A pick glass also known as a piece glass is a magnifying glass helpful in counting thread count. It is used to determine the number of yarns in warp and weft in woven fabrics and courses and wales in knitted fabrics. Compact constructions of fabrics may have a higher thread count. That is also called "cloth count".

== Function ==
Pick glasses aid in measuring the following.

=== Ends and picks ===
Ends per inch is the number of warp threads per inch of woven fabric.
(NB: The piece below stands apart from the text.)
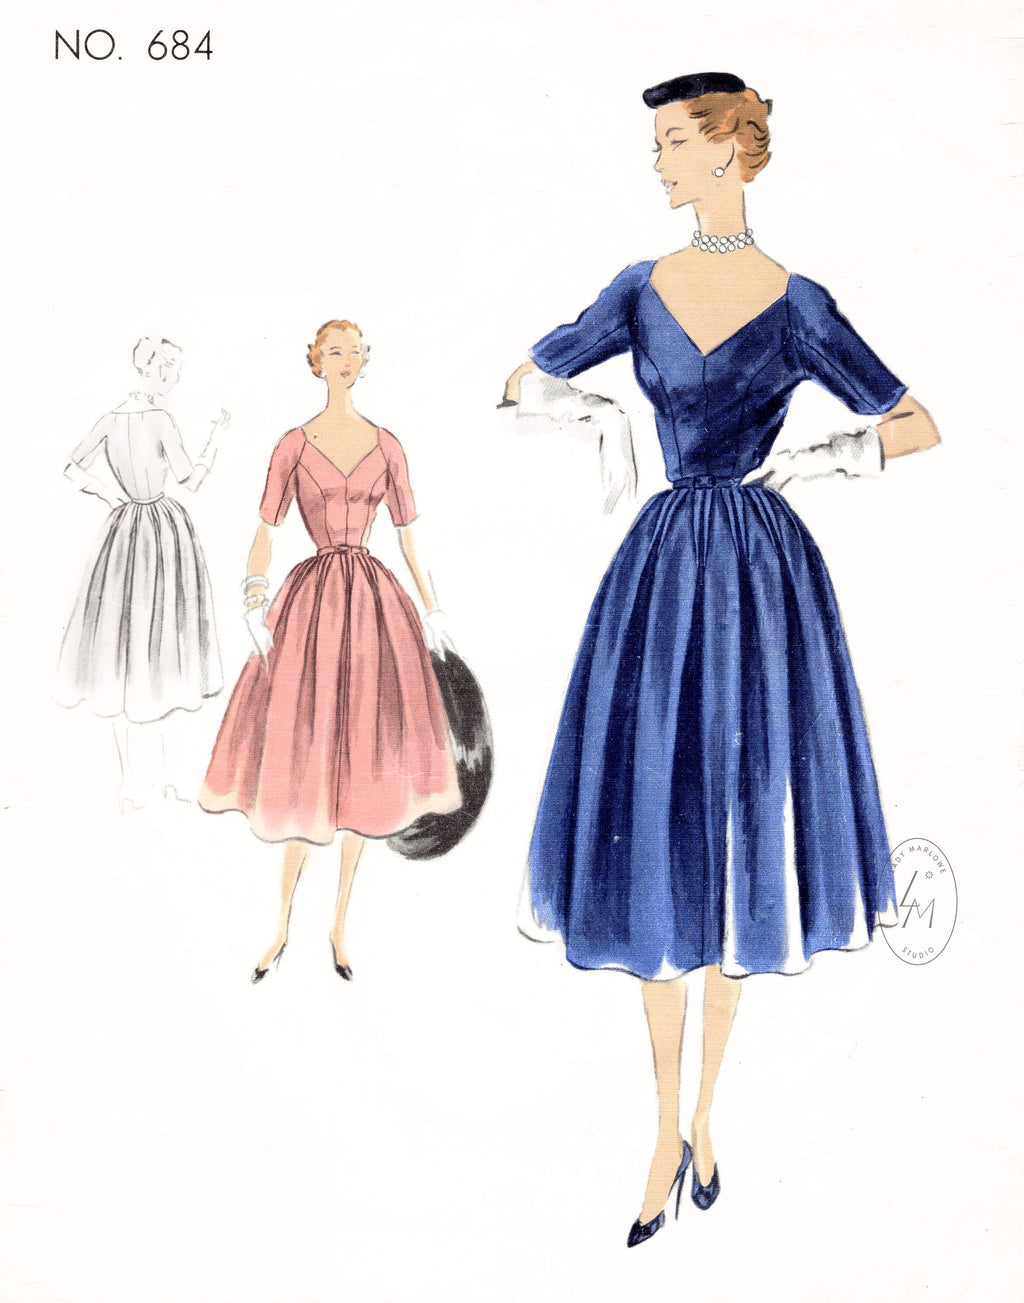 Vogue 684 Couturier 1950s cocktail dress v neckline full skirt vintage sewing pattern reproduction

Picks per inch is the number of weft threads per inch of woven fabric. Pick is a term that refers to a single weft thread. By and large, the more ends and picks per inch, the finer the cloth. Balanced plain weave fabrics have warp and weft threads that are the same weight (size) and have the same number of ends and picks per inch.

=== Courses and Wales ===
Loops are the building blocks of knitted fabrics, and courses and wales in knitted fabrics are importantly similar to ends and picks in woven fabrics. The knitting structure is formed by intermeshing the loops in consecutive rows.

- Courses: are the total number of horizontal rows measured in per inch or per centimetre. The course is a horizontal row of loops formed by all the adjacent needles during one revolution. course length is obtained by multiplying loop length with the number of needles involved in the production of the course.
- Wales: are the number of vertical columns measured in per inch or per centimetre.